When she came in, I was in the back of the house. I heard Kate greet her. A few minutes later, I walked in the family room. They were chatting. It looked just like Kate was talking with a neighbor who had dropped in to say hello. She did say, “Where are you going?” when I told her I was leaving, but she was perfectly at ease. There was no sign that she was bothered. As on several other occasions, I left feeling at ease myself.

When I walked in the house later, I heard Kate say, “Perfect timing.” It turned out that she and Mary had just returned from Panera. Kate told me they had had a good time.  I considered this another victory. It has been months since she has let the sitter take her to Panera in the afternoon. Prior to that it was a regular event. I hope this continues. Before Mary left, Kate said, “Have you ever seen her drive?” I told her I had only seen her drive in the driveway. Then she told me what a good driver Mary is. This is a consistent pattern for her. She regularly talks about well people do things. It’s one of the things I like about her.

Even after Mary was gone, she repeated they had a good time and how much she likes her. That was quite a victory. I couldn’t have had a better welcome home. I’ll feel much easier the next time I leave her. Even though I hadn’t spent much time with Kate earlier in the day, I was ready to say it was another good day. The rest of the day also went well.

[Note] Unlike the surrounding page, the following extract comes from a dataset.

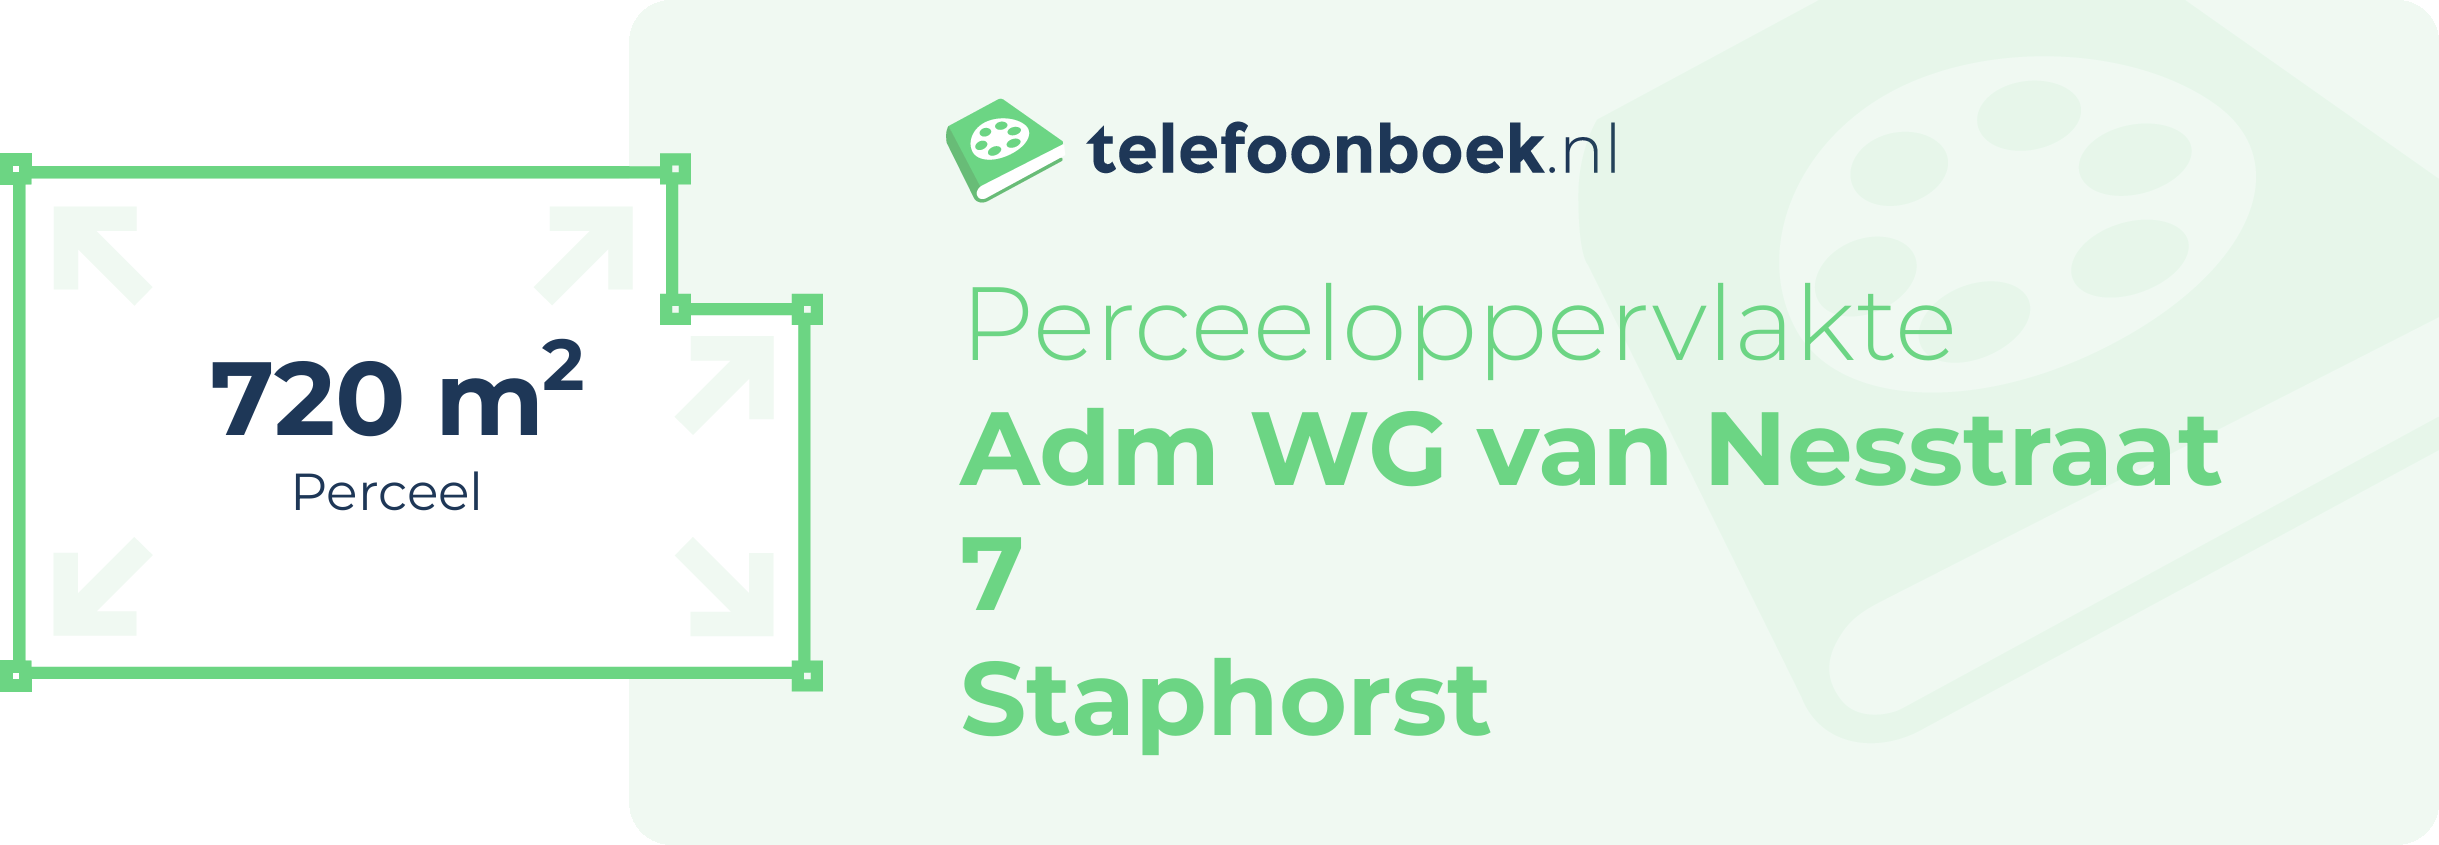 Perceeloppervlakte Adm WG Van Nesstraat 7 Staphorst

Last night was pizza night. When we got home, she said, “What can I do now?” I suggested we go to the family room and that she could look at one of her family photo books, work jigsaw puzzles, or look at her “Memory Book,” the three-ring binder I had put together with information about our families and memories of our lives together. She started with the memory book while I watched the evening news. In a while, she picked up a history of her family’s church in Fort Worth. It was published in 2001 on the church’s 100th anniversary and had been a gift to her mother. It’s a book of over 200 pages with normal type (small for Kate).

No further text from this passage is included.